This Tip was first run in October 2006. This "encore tip" is a reminder to be professional in email.
Halloween is a time for scary stories – tales of vampires and ghouls rising from the dead to terrify innocents – a time when things that you thought were dead and buried come back to haunt you.
Unfortunately, the analogy between badly written email and the undead is sometimes all too appropriate. A hasty word can return to haunt you long after you hit the send button and thought the conversation was over. Careers have been destroyed, money lost and relationships ruined when an email returned from beyond.
Americans have a bad habit of treating email very casually – as an extension of our last phone conversation or a continuation of the chat in the hallway. We assume that the message is private and that recipient will understand the context and correctly interpret our tone.
In fact, email is more like a postcard – anyone can read it while it’s in transit and any of the recipients can save it, forward it or post it to the internet. Electronic copies can remain in archives and electronic message hubs all over the Internet – places that neither the sender nor the recipient can control. Emails can be subpoenaed and forced into the public record. You have no right of privacy in your email, either sent or received.
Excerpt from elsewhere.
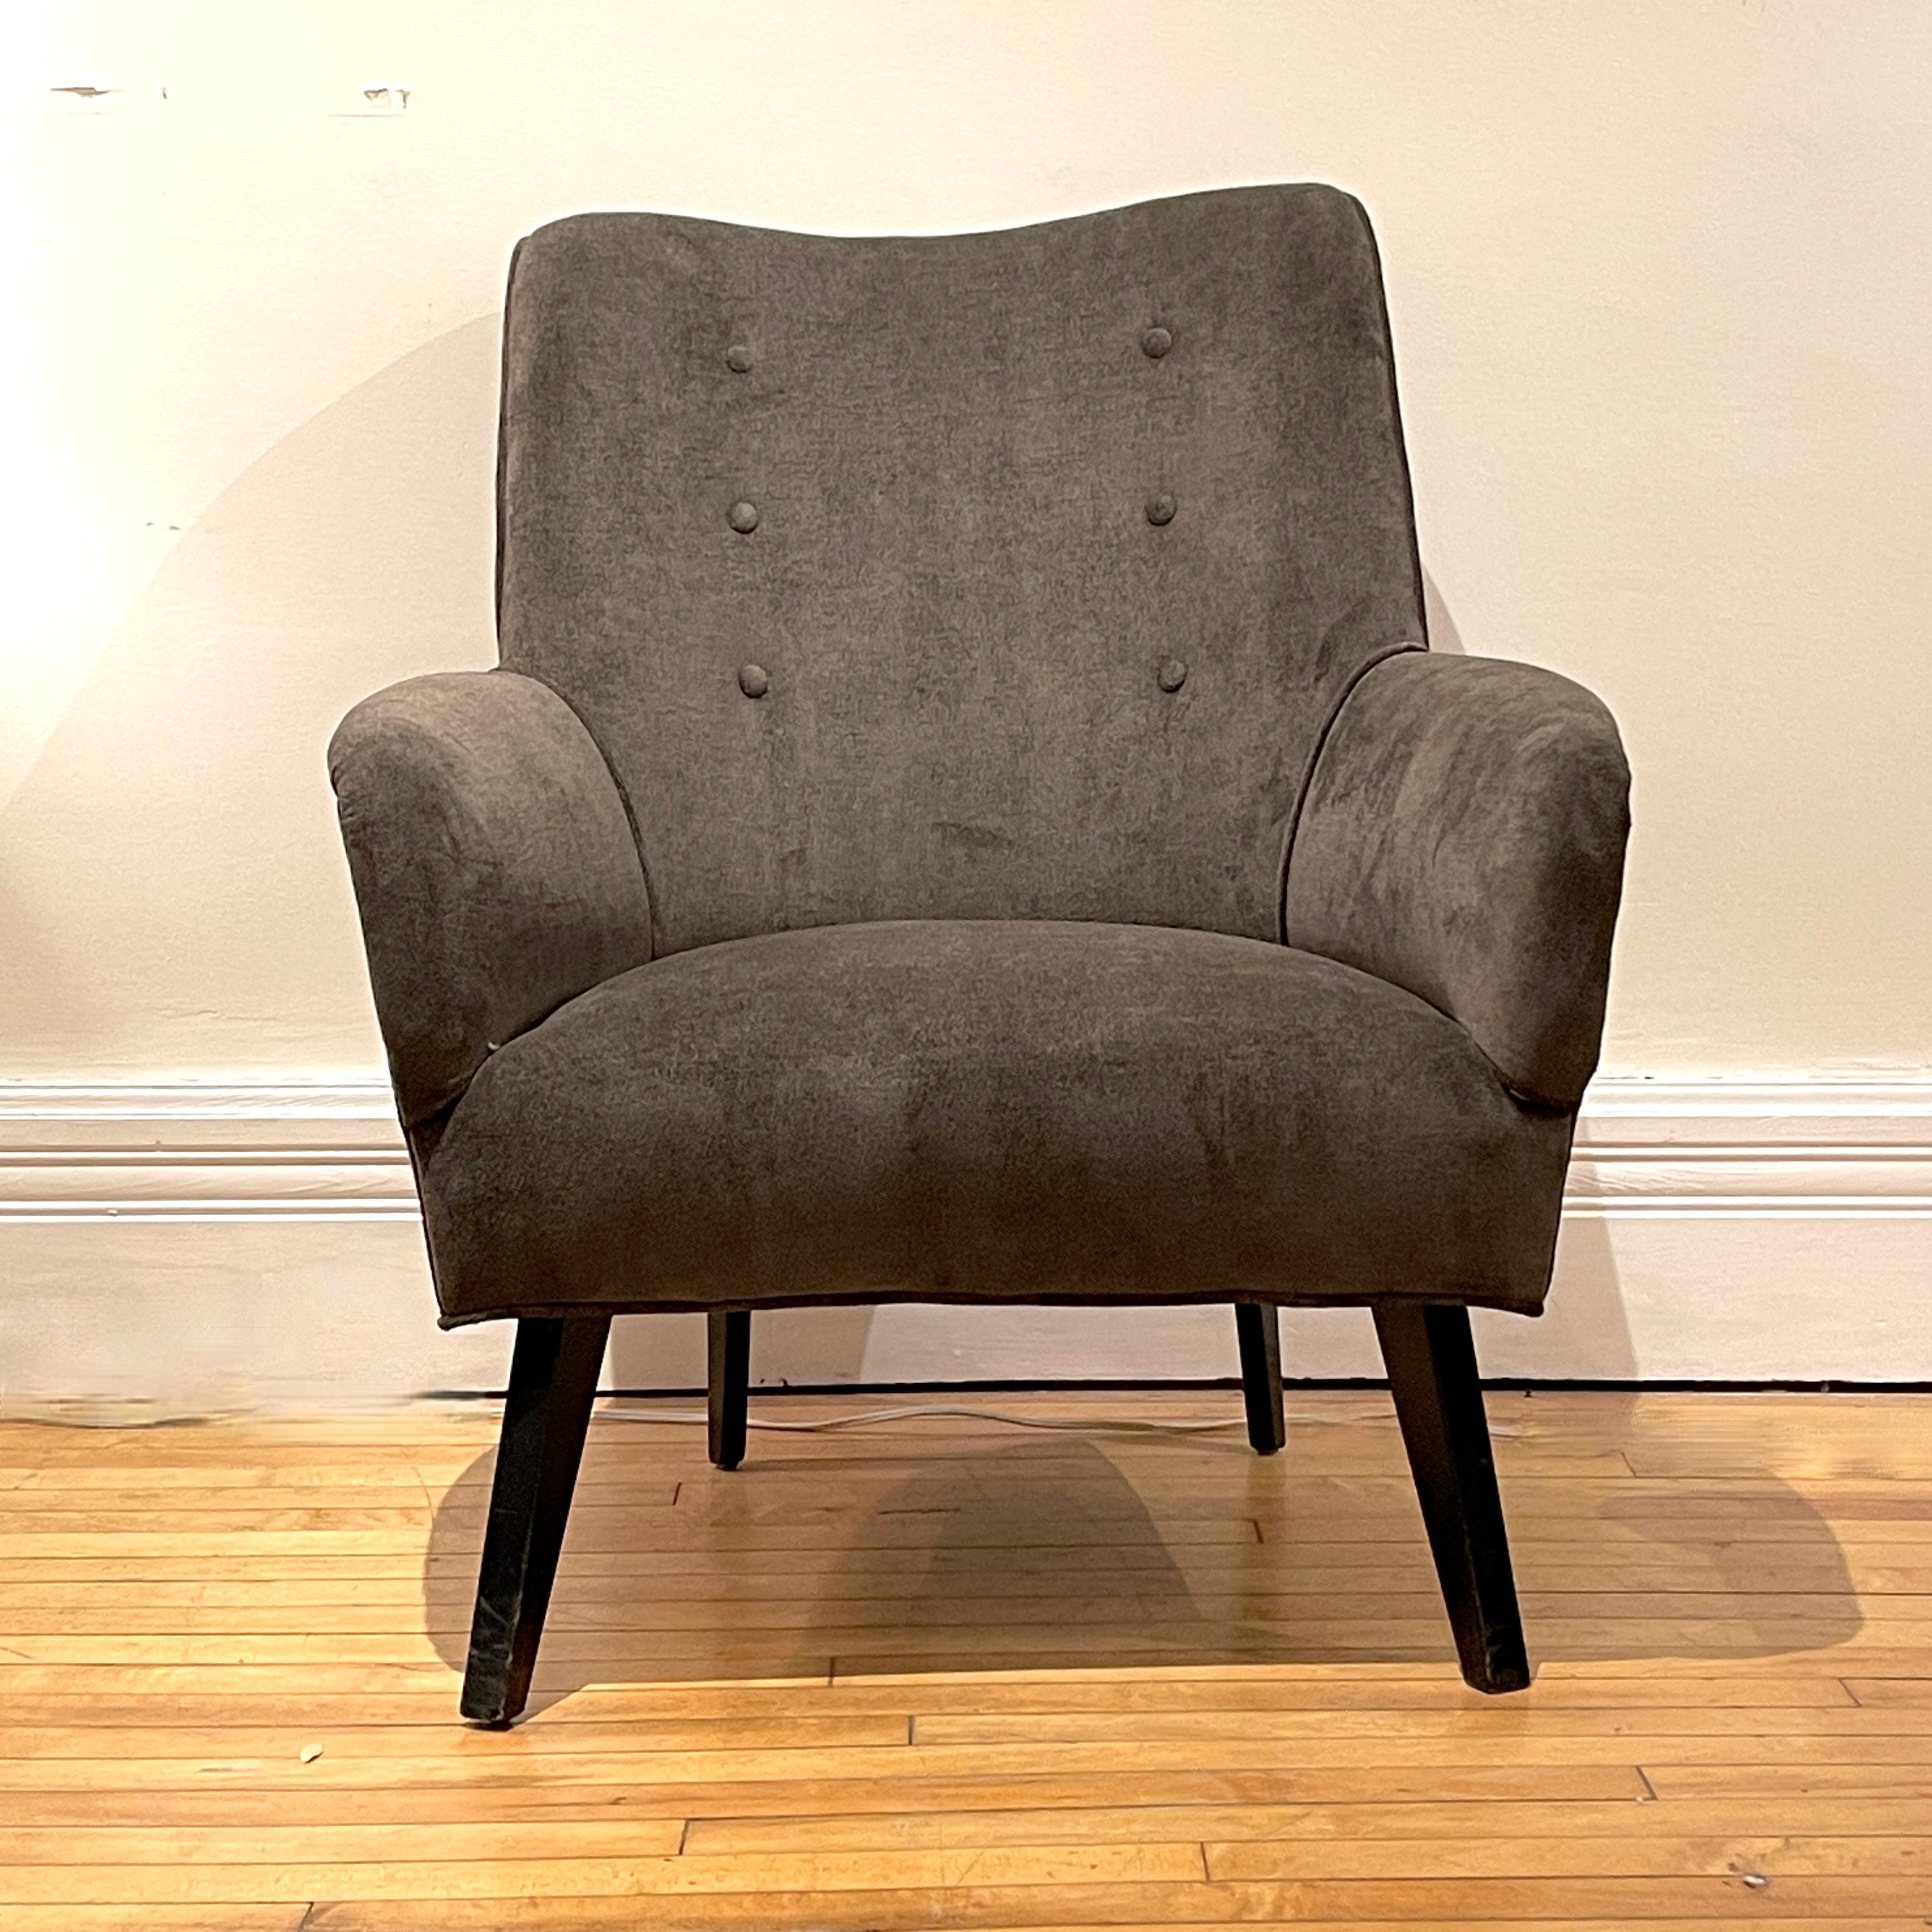 Pair of Sleek Italian Sculptural Midcentury Modern Chairs, New Velvet Upholstery 4
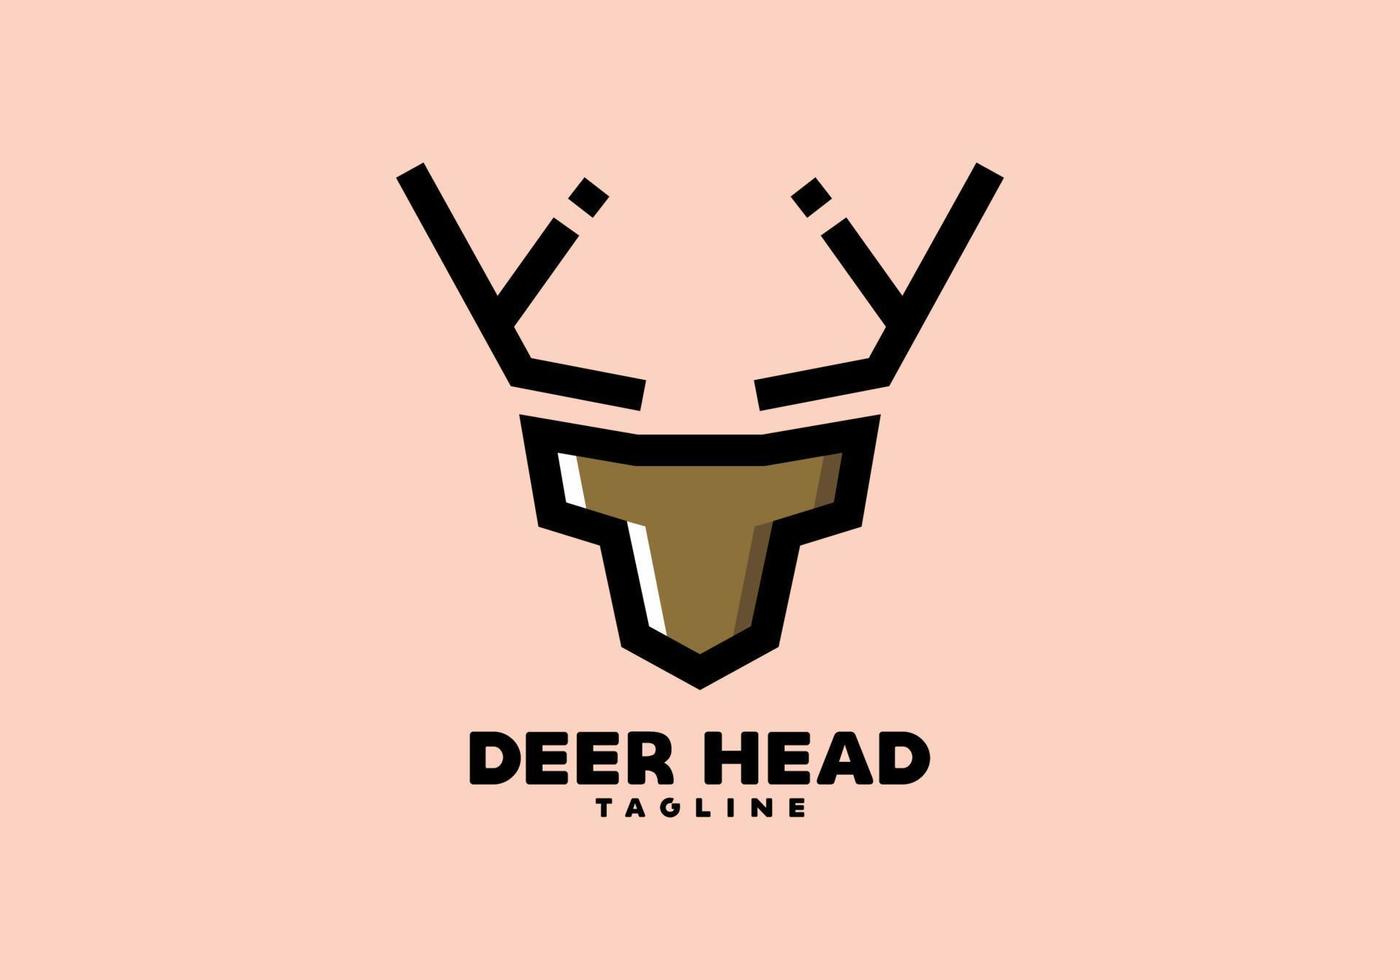 Stiff art style of deer head vector

When you write an email, you must assume that it will be read by an unknown and unforeseen audience.
That unknown audience will assume that you carefully crafted and wordsmithed your message (or, if not, that the hurried email is evidence of the writer’s “real state of mind”). They will not believe that you were “just joking” and won’t care that you were trying to dash off a quick note. They will interpret the tone according to their own preconceptions.
Always assume that anything you write will come out at the worst possible time and in the worst possible light. Be professional in your email. Include enough context that the unforeseen reader understands the message. Be personable yet professional in tone. (In particular, never use sarcasm in email.) Never write anything that you would be embarrassed to see on the front page of tomorrow’s newspaper.
Remember, email can come back to haunt you.